Typical high quality text-to-speech (TTS) systems today use a two-stage architecture, with a spectrum model stage that generates spectral frames and a vocoder stage that generates the actual audio. High-quality spectrum models usually incorporate the encoder-decoder architecture with self-attention or bi-directional long short-term (BLSTM) units. While these models can produce high quality speech, they often incur O($L$) increase in both latency and real-time factor (RTF) with respect to input length $L$. In other words, longer inputs leads to longer delay and slower synthesis speed, limiting its use in real-time applications.
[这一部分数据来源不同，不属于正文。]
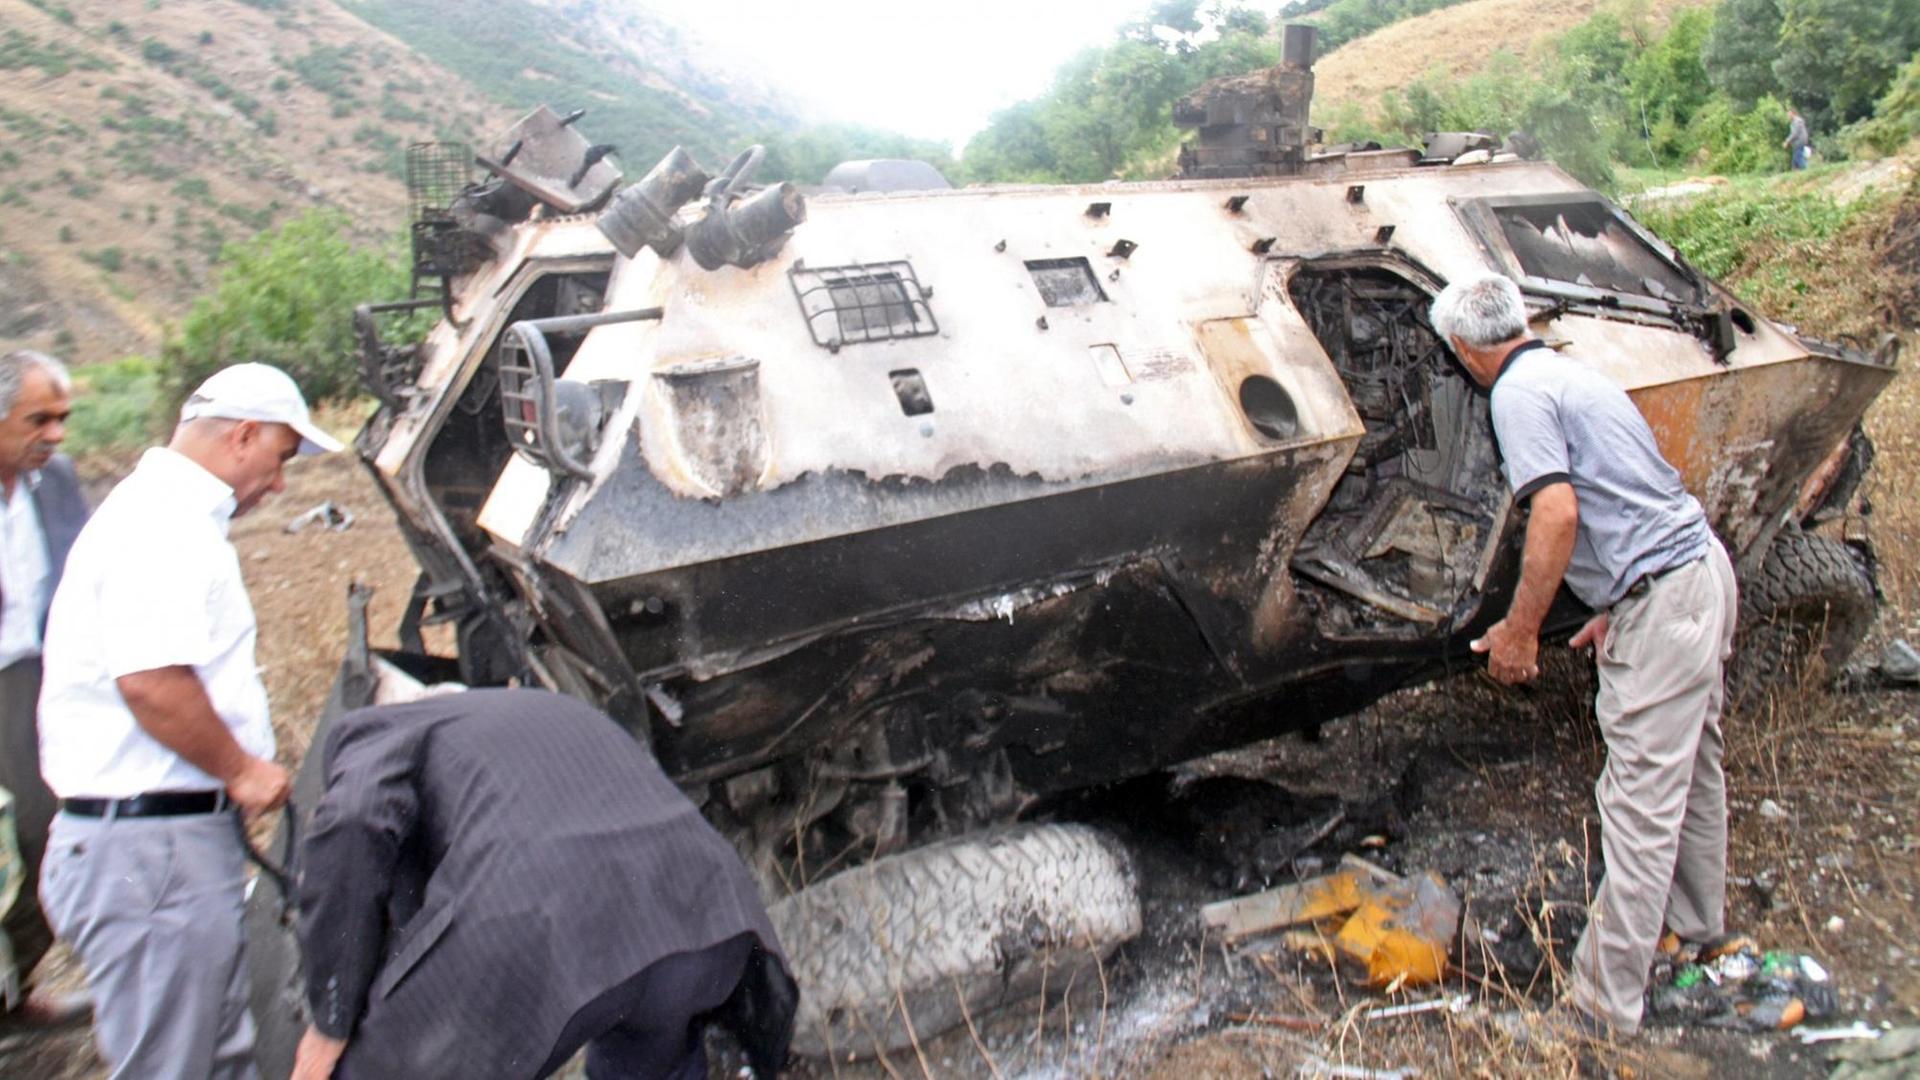 Ein ausgebranntes Fahrzeug der türkischen Armee liegt in einer gebirgigen Gegend. Mehrere Kurden stehen daneben und untersuchen das Wrack.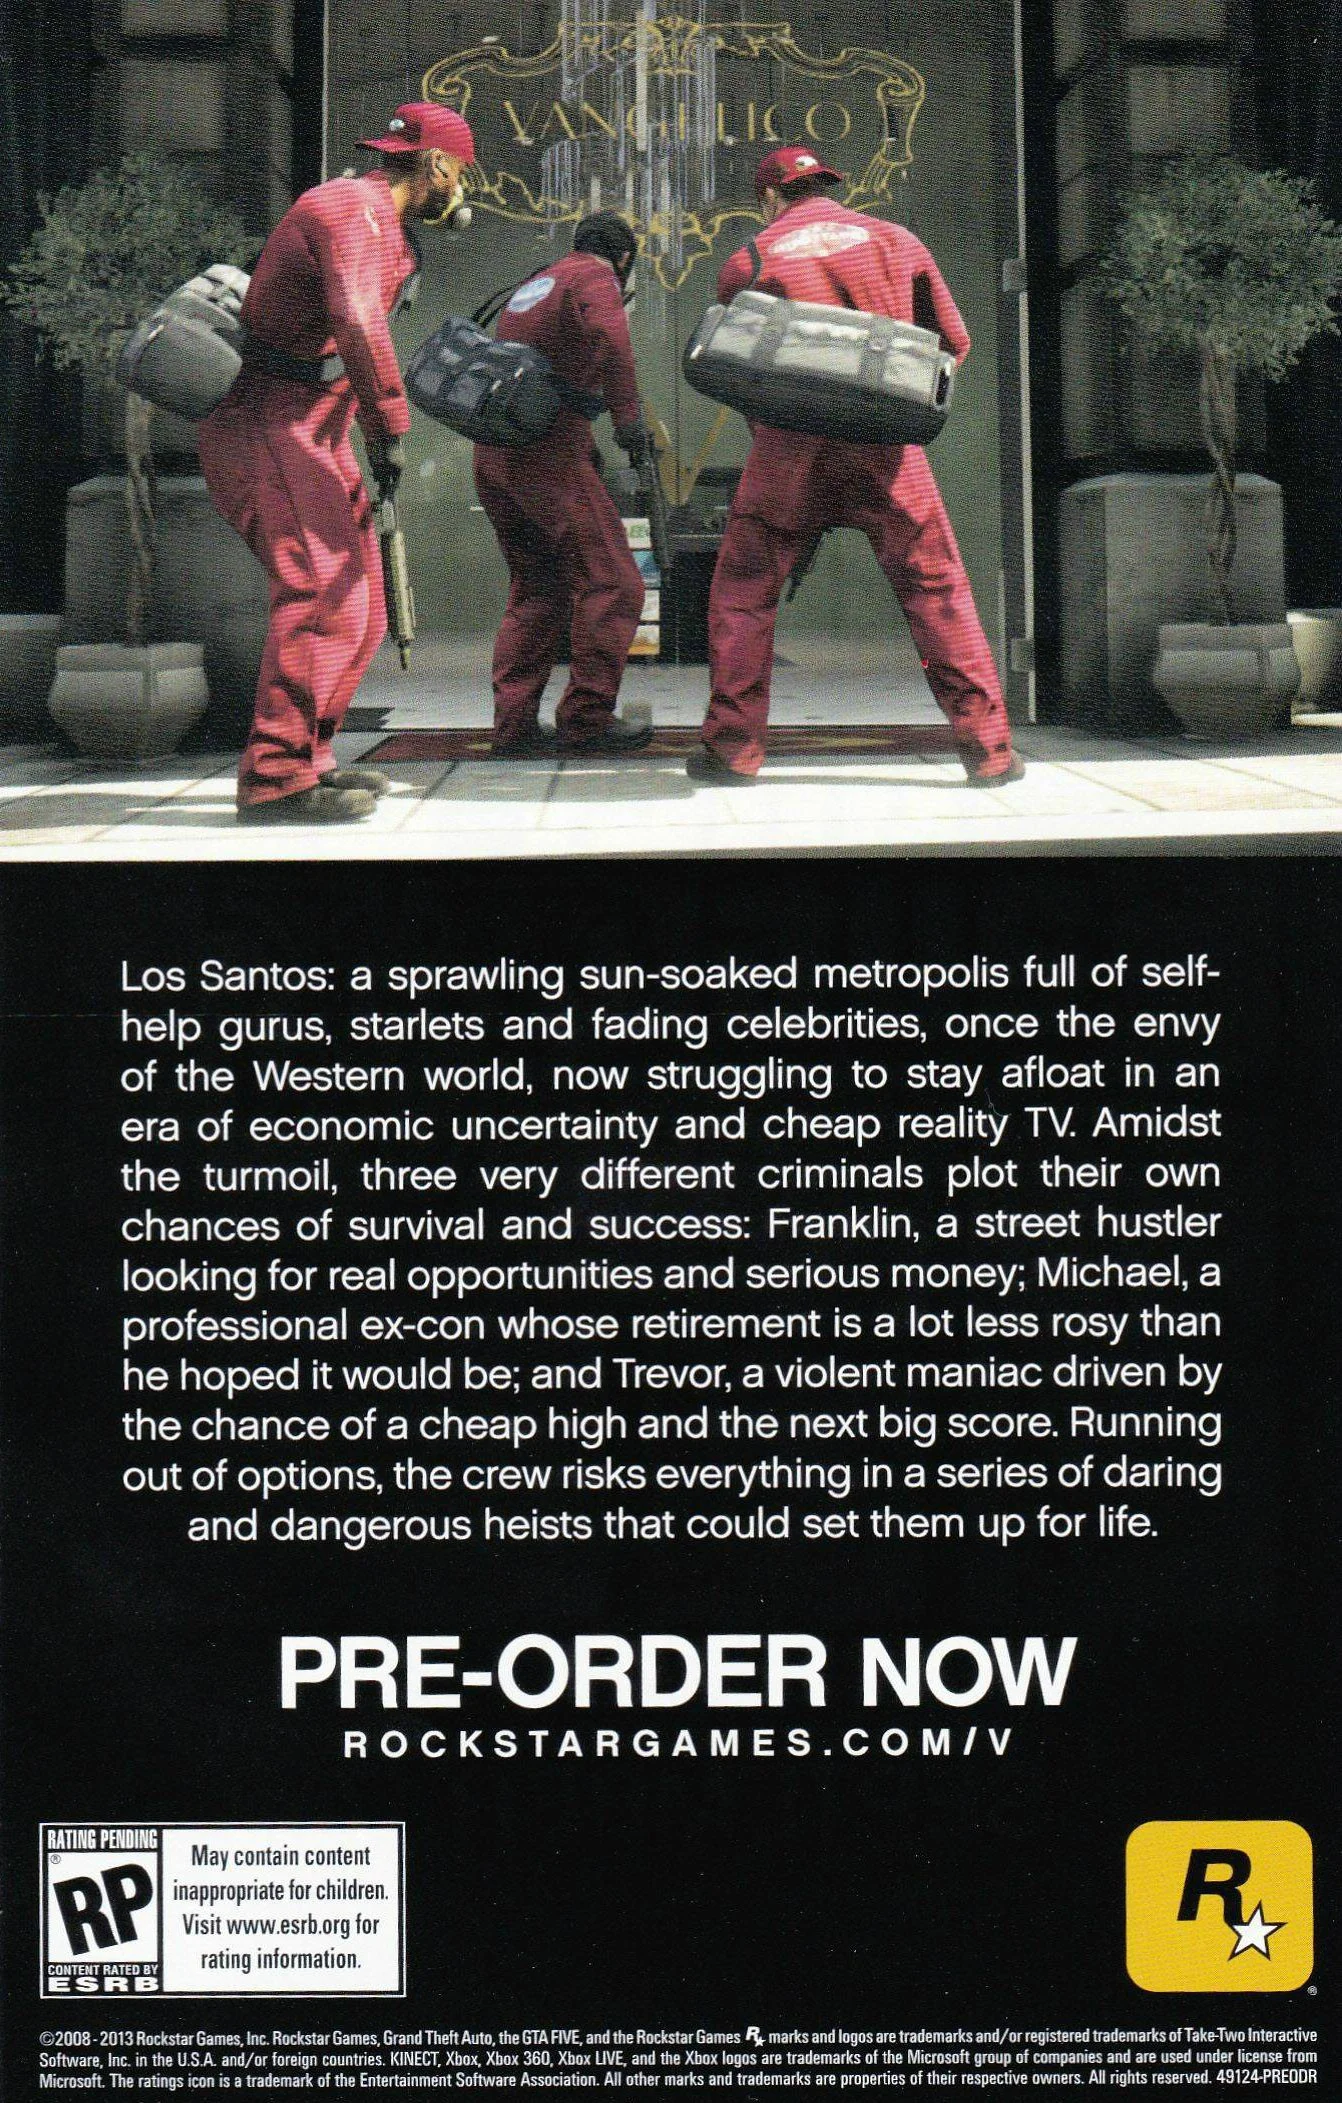 Рекламный постер GTA V нашли в коробке от Red Dead Redemption - фото 2

In this paper, we propose a multi-rate attention architecture that breaks the latency and RTF bottlenecks by computing a compact representation during encoding and recurrently generating the attention vector in a streaming manner during decoding. The proposed architecture achieves high audio quality (MOS of 4.31 compared to groundtruth 4.48), low latency, and low RTF at the same time. Meanwhile, both latency and RTF of the proposed system stay constant regardless of input lengths, making it ideal for real-time applications.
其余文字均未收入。